1

I'm doing some unit testing, and some of the code is checking to see if files exist based on the relative path of the currently-executing script by using the FILE variable. I'm doing something like this:

if File.directory?(File.join(File.dirname(__FILE__),'..','..','directory'))
    blah blah blah ...
else
    raise "Can't find directory"
end

I'm trying to find a way to make it fail in the unit tests without doing anything drastic. Being able to overwrite the __ FILE __ variable would be easiest, but as far as I can tell, it's impossible.

Any tips?

Markus Orrelly
  • 1,669
  • 2
  • 12
  • 9

3 Answers3

3

My tip? Refactor!

  • Hahaha, yeah, I thought about that. I was hoping there was some little ruby gem hidden somewhere (no pun intended, and no, not a rubygem) :) – Markus Orrelly Mar 16 '10 at 20:08
  • @Markus Orreley: Glad you're taking it lightly.
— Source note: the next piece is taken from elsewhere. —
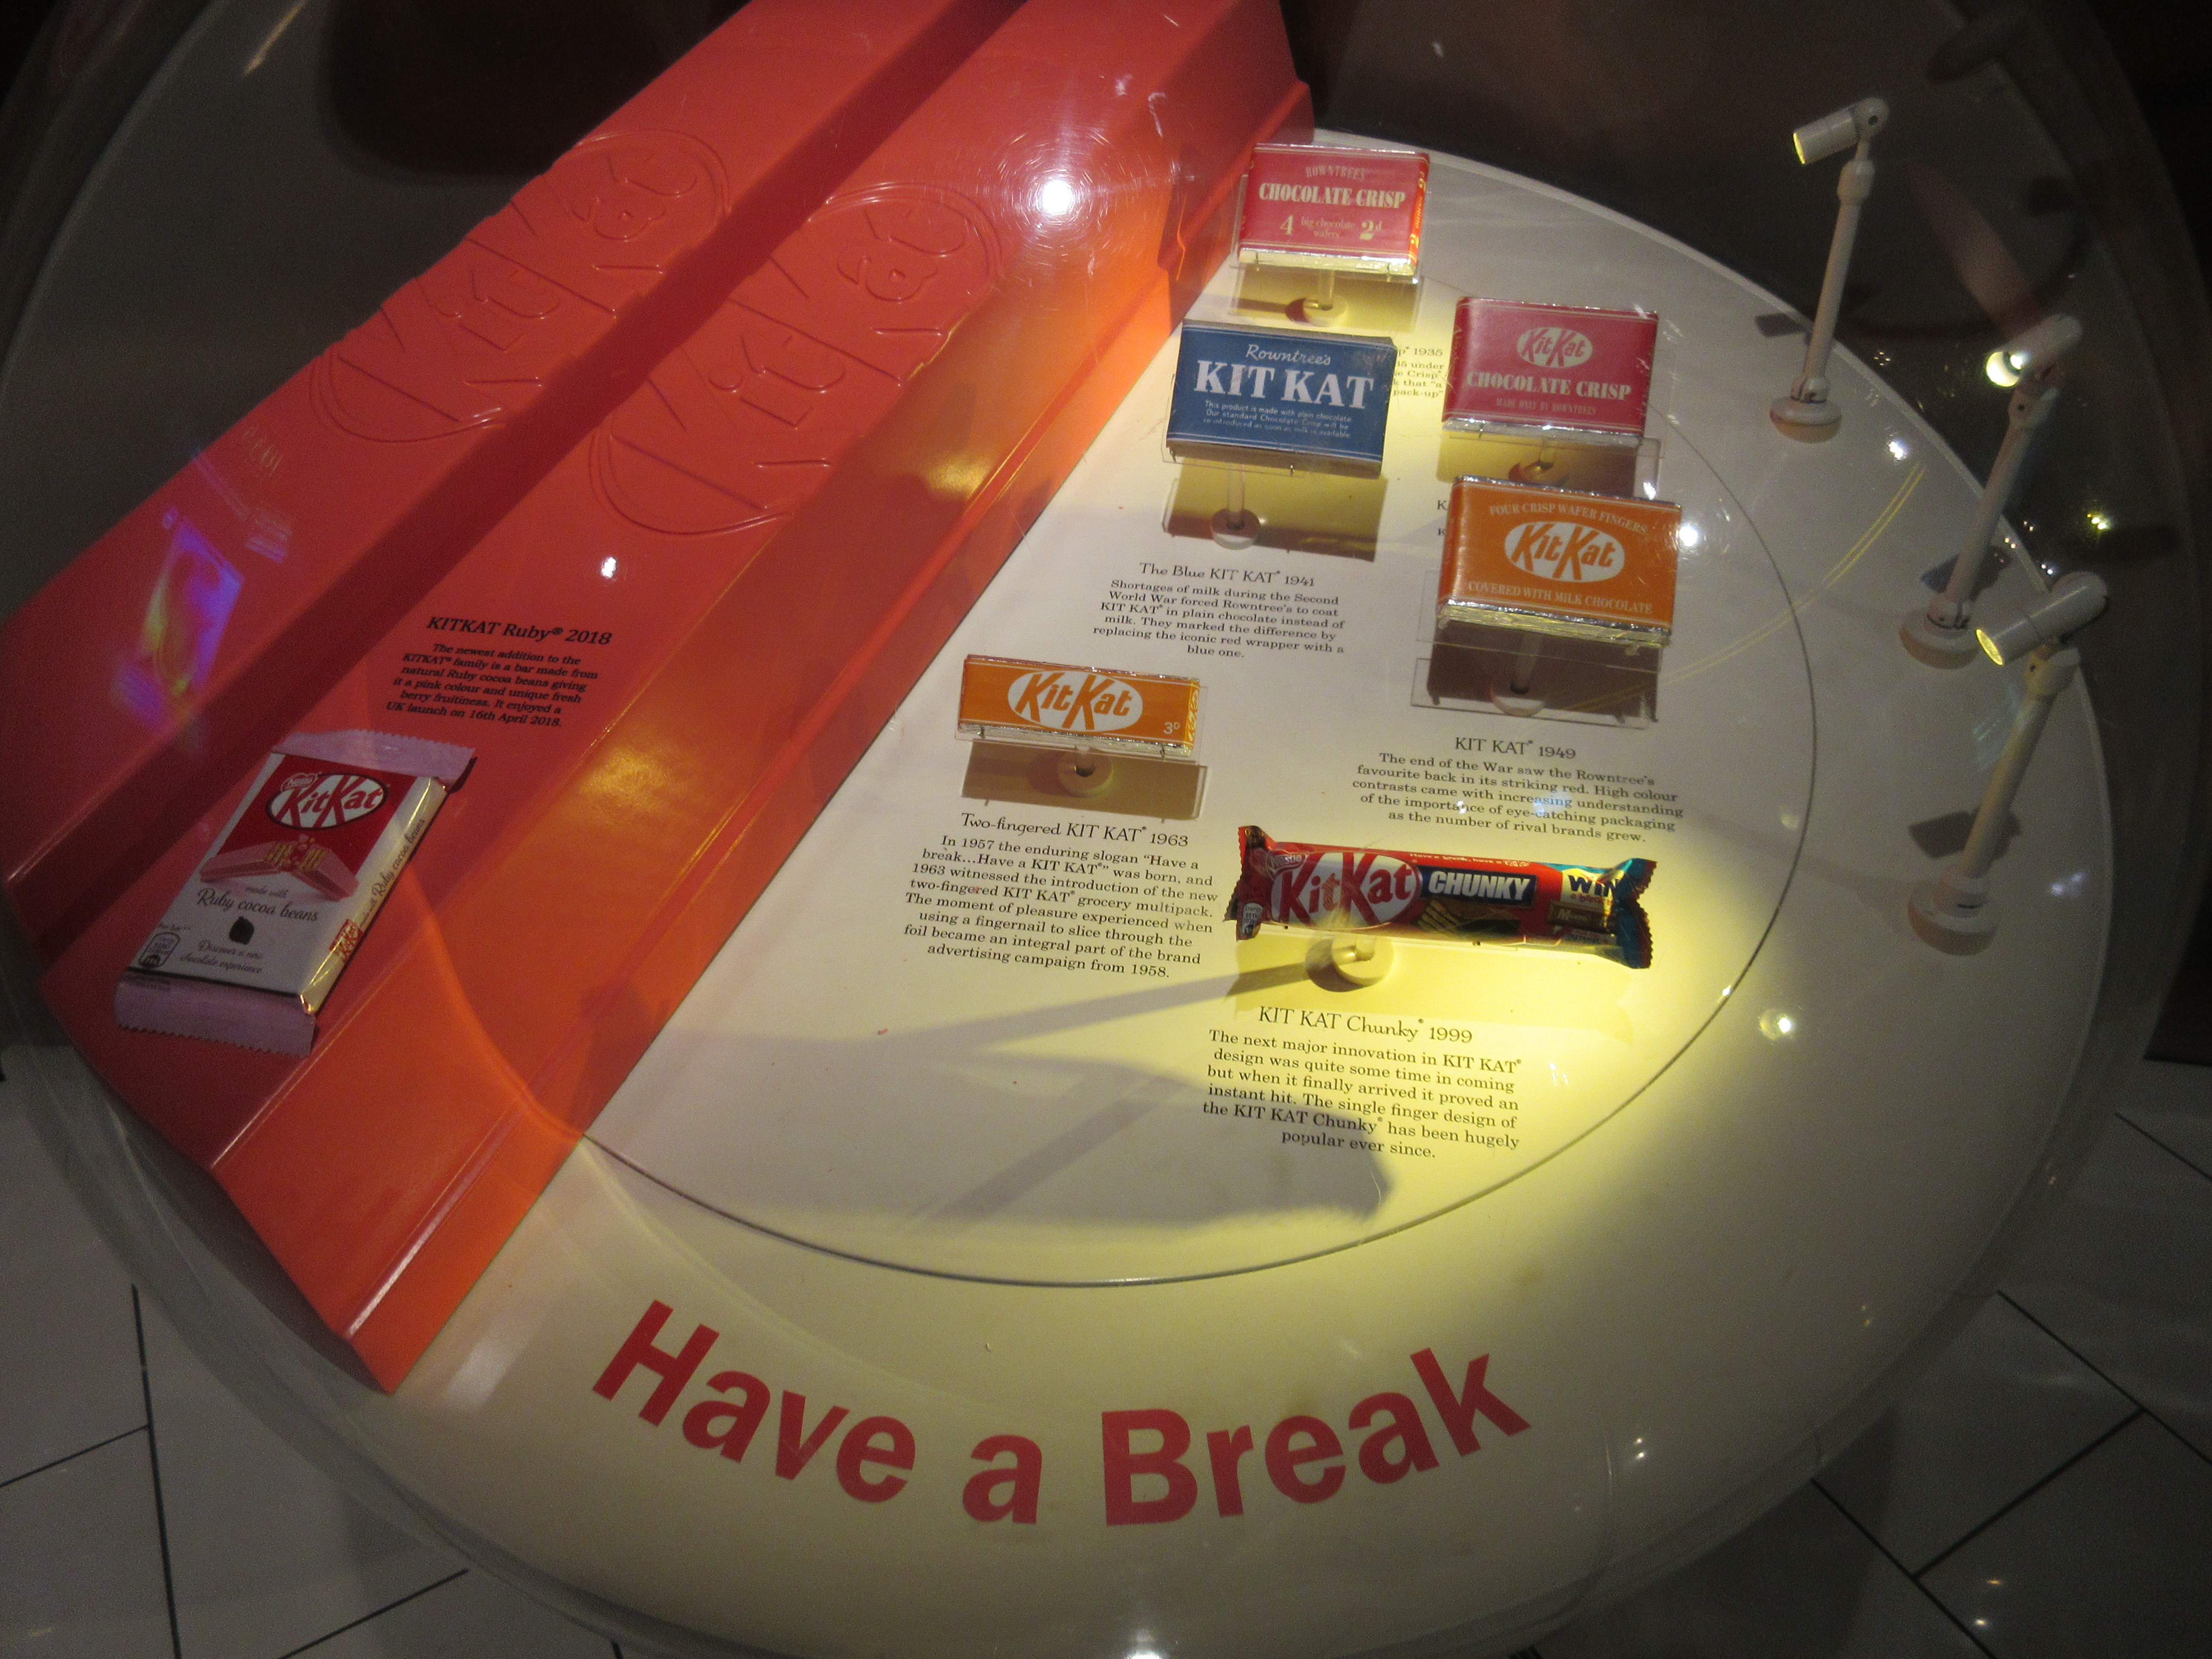 York chocolate museum - photo by Juliamaud

I do hate it when low-level code is making decisions for itself like this. Unit test provide a great excuse to fix that. –  Mar 16 '10 at 20:28
  • I did figure out how to do it, but I think yours is the real answer. I'll put it down below as another possible answer though – Markus Orrelly Mar 16 '10 at 20:40
1

I didn't mark this as the real answer, since refactoring would be the best way to go about doing it. However, I did get it to work:

wd = Dir.getwd
# moves us up two directories, also assuming Dir.getwd
# returns a path of the form /folder/folder2/folder3/folder4...
Dir.chdir(wd.scan(/\/.*?(?=[\/]|$)/)[0..-3].join)
...run tests...
Dir.chdir(wd)

I had tried to do it using Dir.chdir('../../'), but when I changed back, File.expand_path(File.dirname(__ FILE __)) resolved to something different than what it was originally.

Markus Orrelly
  • 1,669
  • 2
  • 12
  • 9
1

Programming Ruby 1.9 says on page 330 that __FILE__ is read only. It also describes it as a "execution environment variable".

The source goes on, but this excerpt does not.